Bits of it keep turning up. Gildor and the other elves appear on p. 78 singing a ‘hymn’ to Elbereth which ends ‘We still remember, we who dwell / In this far land beneath the trees, / Thy starlight on the Western Seas.’ The implication is that the elves are exiles, themselves living in shadow though not in Mordor, looking up to a starlight from which they are now excluded. Bombadil evokes the same image of loss when he says sixty pages later ‘Few now remember them, yet still some go wandering, sons of forgotten kings walking in loneliness, guarding from evil things folk that are heedless’, and his words stir in the hobbits ‘a vision as it were of a great expanse of years behind them, like a vast shadowy plain over which there strode shapes of Men, tall and grim with bright swords, and last came one with a star on his brow’. We realise eventually that this last is Strider, or rather Elessar ‘the Elfstone’; but Bombadil’s words just before are paralleled by Bilbo’s gnomic and descriptive rhyme, heard before anything of Strider’s lineage is revealed:
All that is gold does not glitter,
Not all those who wander are lost …
The echoes run off in many directions, but through them run the words ‘remember’, ‘wander’, ‘dwell’, most of all ‘star’ and ‘shadow’. From all these references, together with others like Aragorn’s song of Beren and Tinúviel with its heavy but elusive use of ‘stars in shadow’, ‘trembling starlight’, ‘shadowy hair’, one could further construct a kind of repeated pattern, allegedly historical, in which stars and shadows are always at strife, the latter nearer and more powerful, the former persisting in memory and in resistance.11 Probably no reader actually does this, but all readers nevertheless perceive something, to be confirmed, reinforced, but not supplanted later on by fuller accounts from Gandalf and Elrond, from Galadriel’s song on pp. 368–9, from the Appendices, eventually from The Silmarillion and the many versions of the latter in ‘The History of Middle-earth’. Few readers also can fail to have resonances struck from their own familiar myths: the ‘sons of Martha’ story, maybe, in the grim unthanked indispensable Rangers, the Harrowing of Hell in Bilbo’s ‘A light from the shadows shall spring’, Icarus or Prometheus or Balder Dead in the fall of Gil-galad. All these remain unfocused but not unfelt. Without extensive explanations they set the characters in a moral world as well as a geographical one, both of them like but not the same as our own.
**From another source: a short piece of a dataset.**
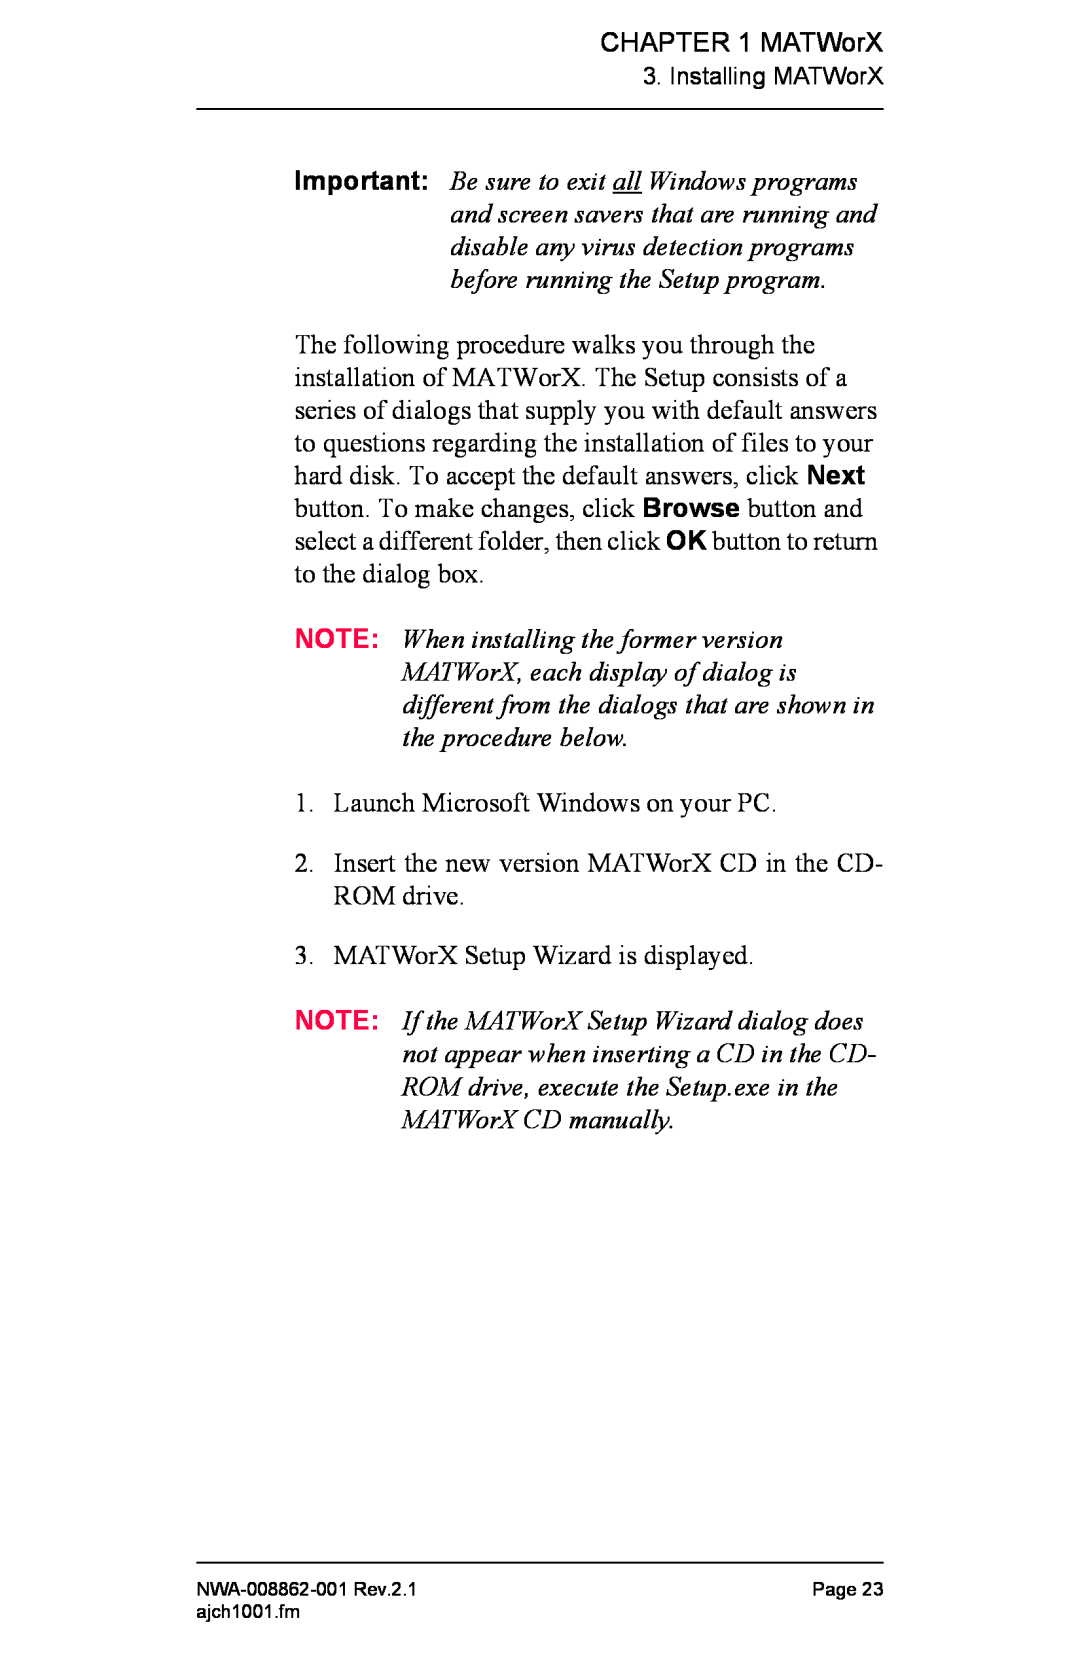 NEC NWA-008862-001 manual MATWorX 
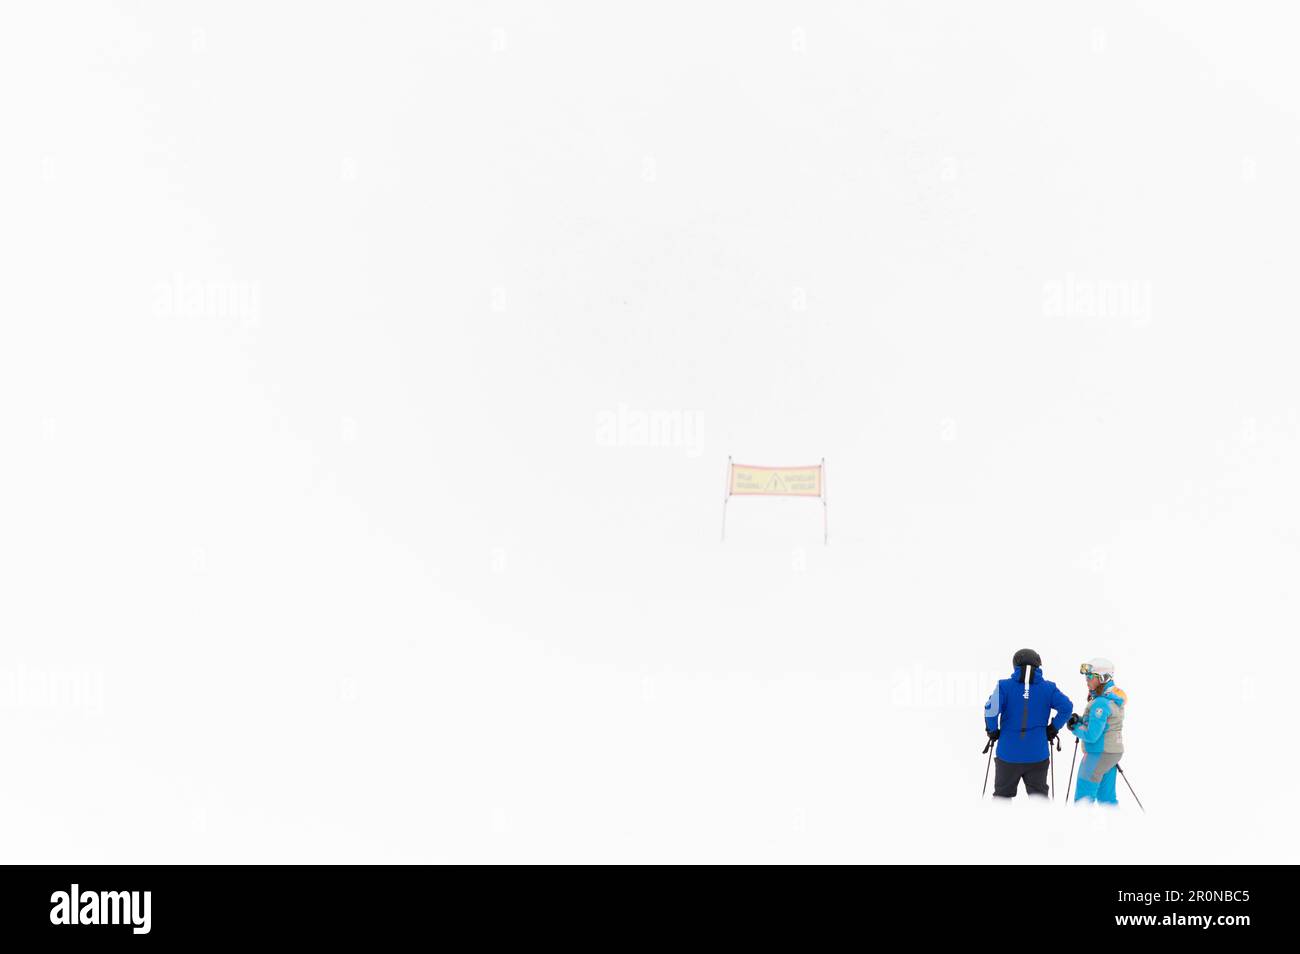 Limone Piemonte, Italie. Panorama des pistes de ski Banque D'Images

‘Gil-galad’, then, has a function rather analogous to ‘Nobottle’. Both offer the as
surance that there is more to Middle-earth than can immediately be communicated. Among the many differences between the two names, though, is the fact that ‘Gil-galad’ is clearly something from an unfamiliar language; the effect of languages in Tolkien’s world, as might be expected, is as great as those of maps or of myths. As might also be expected, Tolkien used them in an extremely peculiar, idiosyncratic and daring way, which takes no account at all of predictable reader-reaction. The ‘myth of stars and shadows’, for instance, is repeated in entirely characteristic style in a song sung in Rivendell (p. 231): ‘O Elbereth who lit the stars … I will sing to you after having looked into far lands from here in tree-tangled Middle-earth …’ However no reader of The Lord of the Rings can actually know that, since it is sung in the elvish language Sindarin and not offered in translation till p. 72 of The Road Goes Ever On, the song-cycle published in 1968.12 As they stand in The Fellowship of the Ring they are nonsense syllables: A Elbereth Gilthoniel … Na-chaered palan-díriel o galadhremmin ennorath, Fanuilos, le linnathon. What could any reader be expected to make of that?